Code and analysis for the EMNLP 2025 paper Confounding Factors in Relating Model Performance to Morphology by Wessel Poelman*, Thomas Bauwens*, and Miryam de Lhoneux.
To be able to run the Python scripts in this repository, it suffices to install the Tokeniser Toolkit (TkTkT) using
pip install "tktkt[github] @ git+https://github.com/bauwenst/TkTkT"which will then automatically install all the necessary nested dependencies.
First we clone the repository and enter it:
git clone "https://github.com/LAGoM-NLP/ConfoundingFactors"
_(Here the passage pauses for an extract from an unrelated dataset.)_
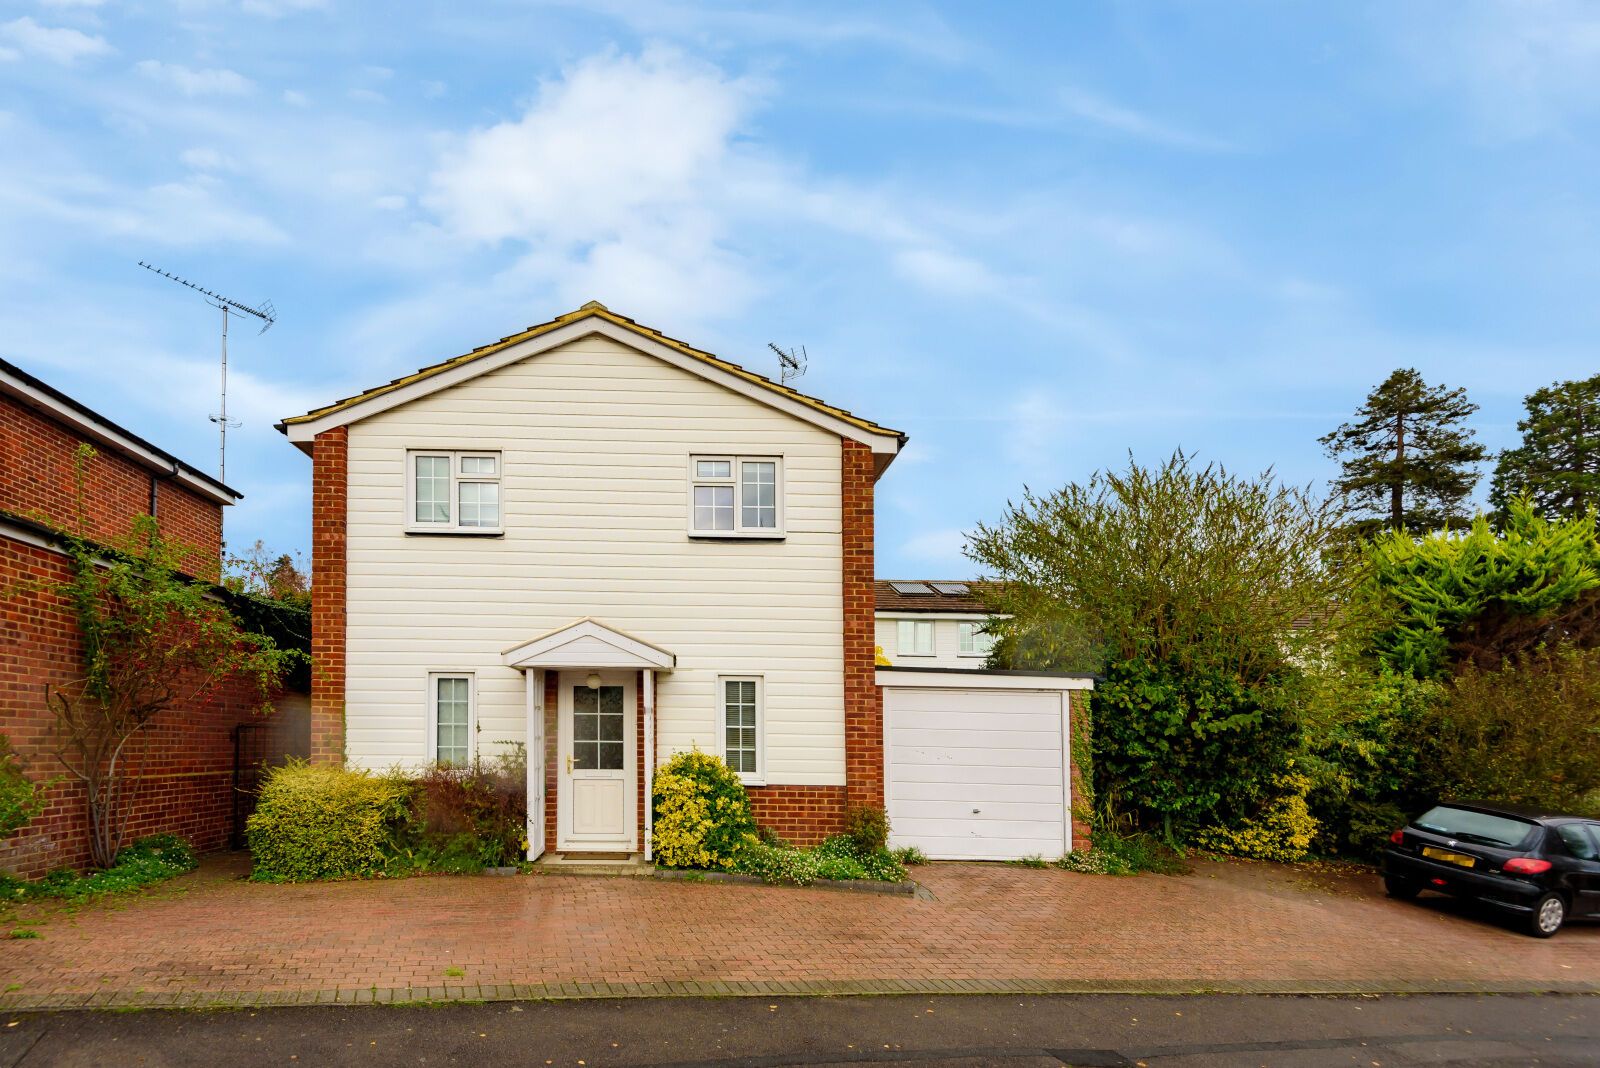 4 bedroom detached house for sale Milton Close, Henley-on-Thames, RG9, main image
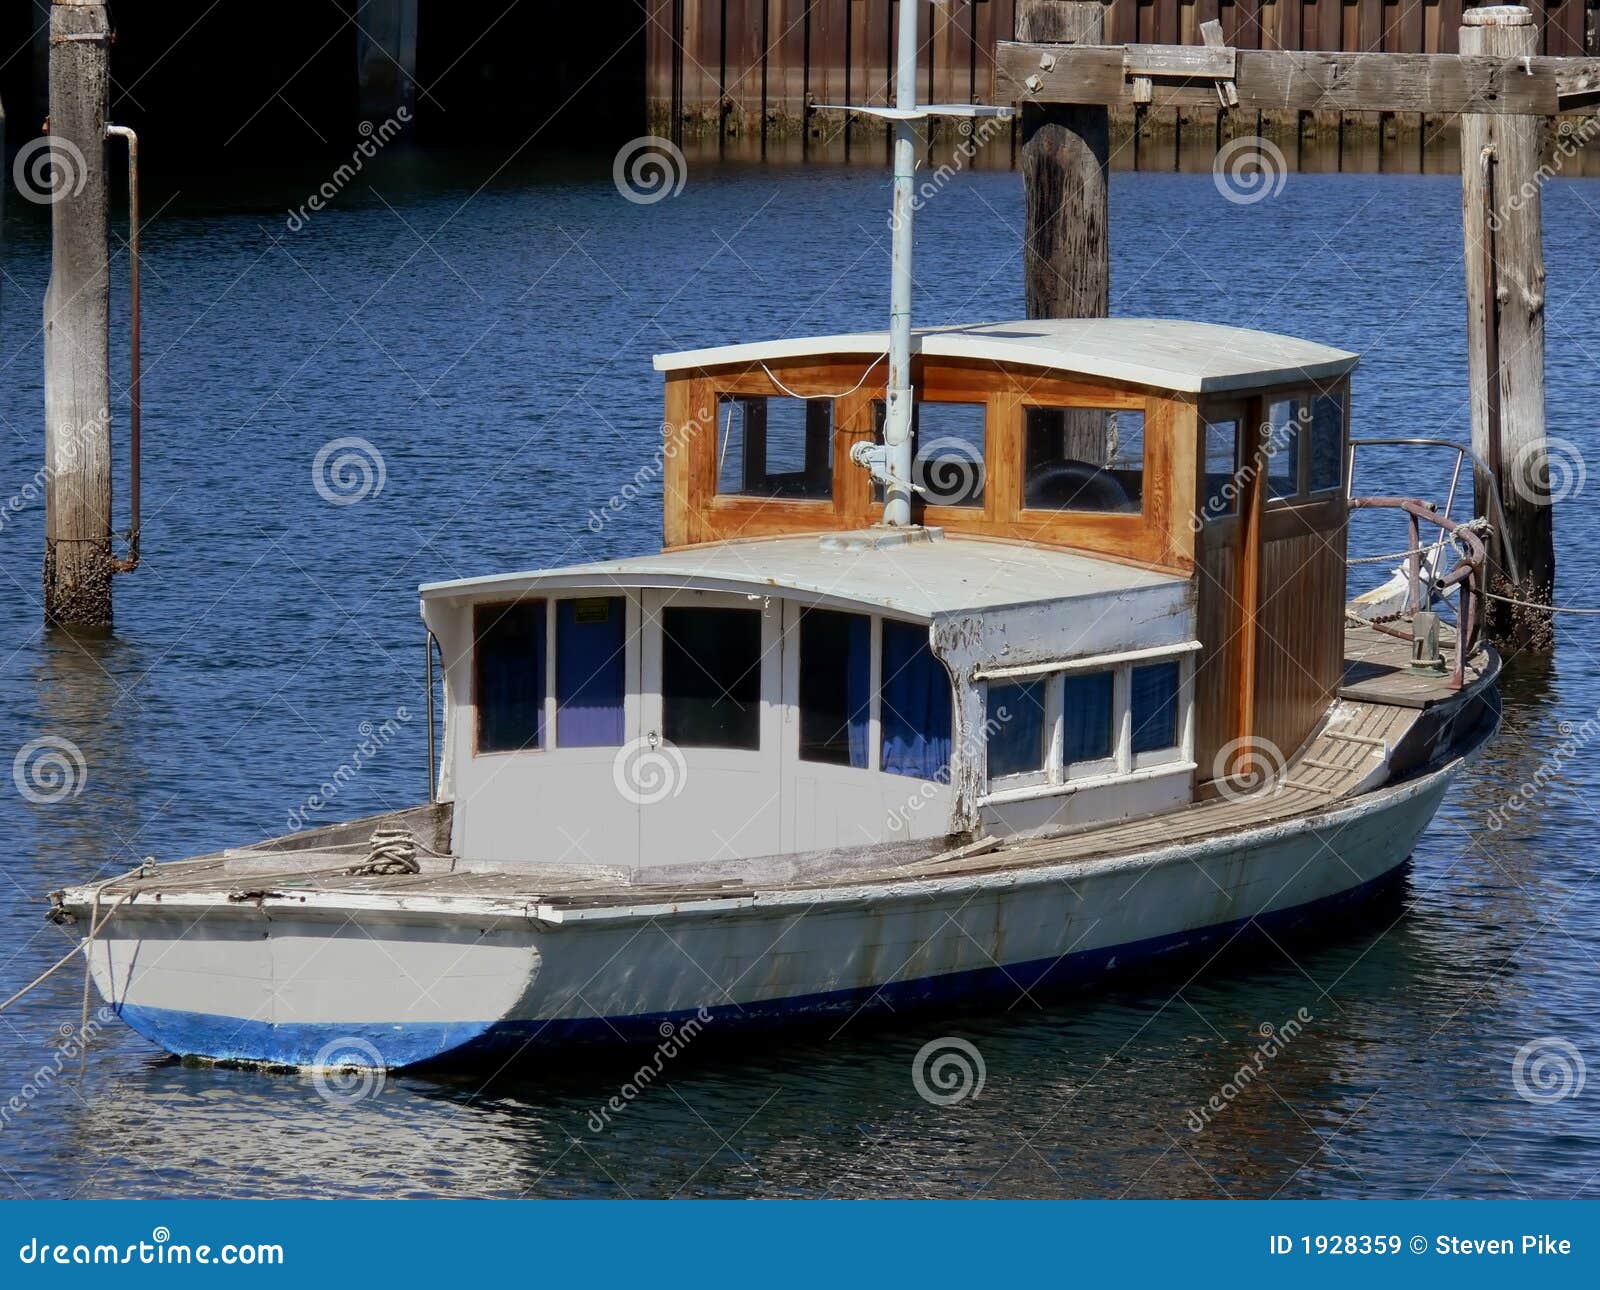 Old Wooden Boat Royalty Free Stock Images - Image: 1928359

cd ./ConfoundingFactorsThen we create a script anywhere inside this folder that looks like this:
from scripts.perplexity.av import main
from tktkt.models.huggingface.wrapper import HuggingFaceTokeniser
from tktkt.factories.preprocessing import TraditionalPreprocessor
from tktkt.util.types import NamedIterable
from transformers import AutoTokenizer
from datasets import load_dataset
hf_tokeniser = AutoTokenizer.from_pretrained("goldfish-models/fin_latn_1000mb")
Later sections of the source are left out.